Великие события случаются неожиданно, когда их не ждешь. Поздним апрельским вечером Валентин выудил из почтового ящика записку от Риты. Ему не нужно было знать почерка. Он сразу понял, чьей рукой написаны эти торопливые, прыгающие, похожие на готические шрифты, буквы.

 

Жду тебя в 21.00 у главного входа в парк «Волна» в Затоне. Я тебе все ОБЪЯСНЮ, СВОЕ ПОВЕДЕНИЕ. И ты – поймешь.

 

На мгновение Реброву подумалось, что это опять шуточки Юлии или Эльвиры. Но эти негодяйки разве могли знать о тайниках его души? Нет. Он на факультете был известен как воинствующий атеист и холодный естественник. Его считали занудой за стремление все разложить. А теперь – настоящим негодяем, опоившим и ограбившим своего товарища. Валентин сложил записку в карман с благоговеньем, словно реликвию.

Часы показывали пять вечера. Но не надо забывать, о каком времени идет речь. Тогда по Уфе ходили раздолбанные «Икарусы» с гармошками, готовыми вот-вот лопнуть. Иногда складки гармошки свисали до самого асфальта или, треснувшие, бесстыдно обнажали вцепившихся в поручни пассажиров. Мой герой рванул на Южный автовокзал. Он только один раз в детстве был в Затоне, точнее говоря в Вертолетке, где их принимали в пионеры.

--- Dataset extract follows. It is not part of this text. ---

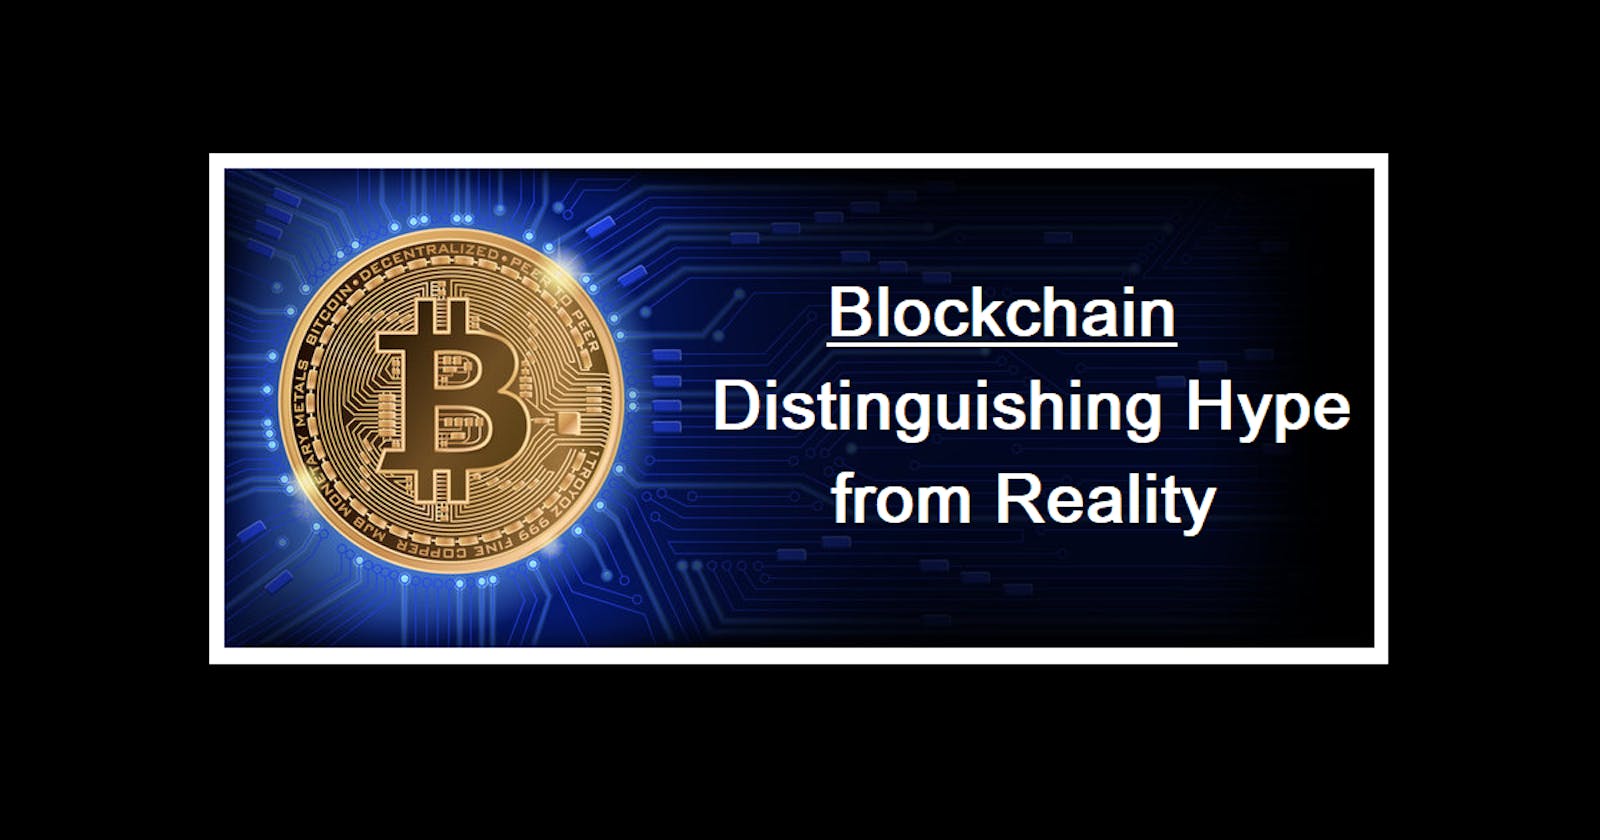 Blockchain: Distinguishing Hype from Reality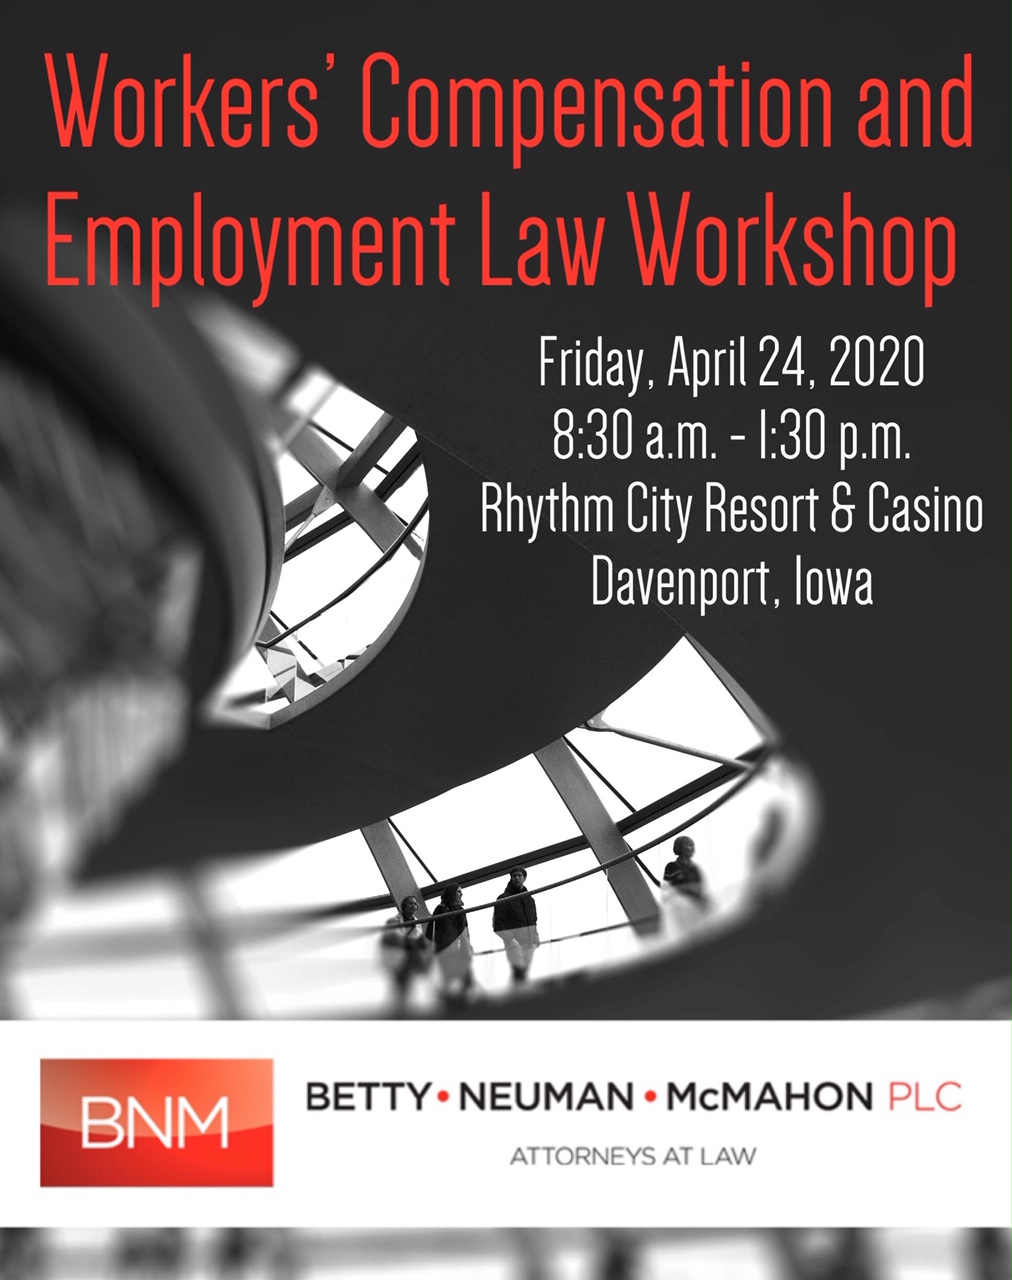 Workers Compensation And Employment Law Workshop | Betty Neuman McMahon PLC | Attorneys At Law

Вечер между тем был блистательно хорош. Уже переезжая мост, за которым открывались забельские дали, Ребров видел стремительно, как в «Дракуле», заходящий багровый диск солнца. От рыжих длинных лучей делалось страшно и одиноко, но Валентин только кривил в презрительной усмешке губы. Он не знал, зачем едет. Он просто заполнял пустоту своего существования. Ему было все равно.

Местность поражала пустынностью. Минула, блеснув в стремнине амальгамой, широкая лента адской Белой, за которой лежало закатное царство мрака. Пронеслась стремительно полоска прибрежных, в зеленом дыму, зарослей. Потянулась бескрайняя плоская равнина, в половодье – речное дно. Здесь летом проводились ярмарки, шумели балаганы и мужики падали на зеленую траву с кульками разведенного пива. Но сейчас это было царство послезимней смерти. Одинокие огромные деревья возвышались живописными башнями. В них чувствовалось что-то древнее, библейское. Потом слева пошли березовые и еловые лесопосадки, справа – поля песка. Трубы, по которым намывали песок, были еще целы. Но уже чувствовалось, что ближайшие десять лет это будет бросовая земля.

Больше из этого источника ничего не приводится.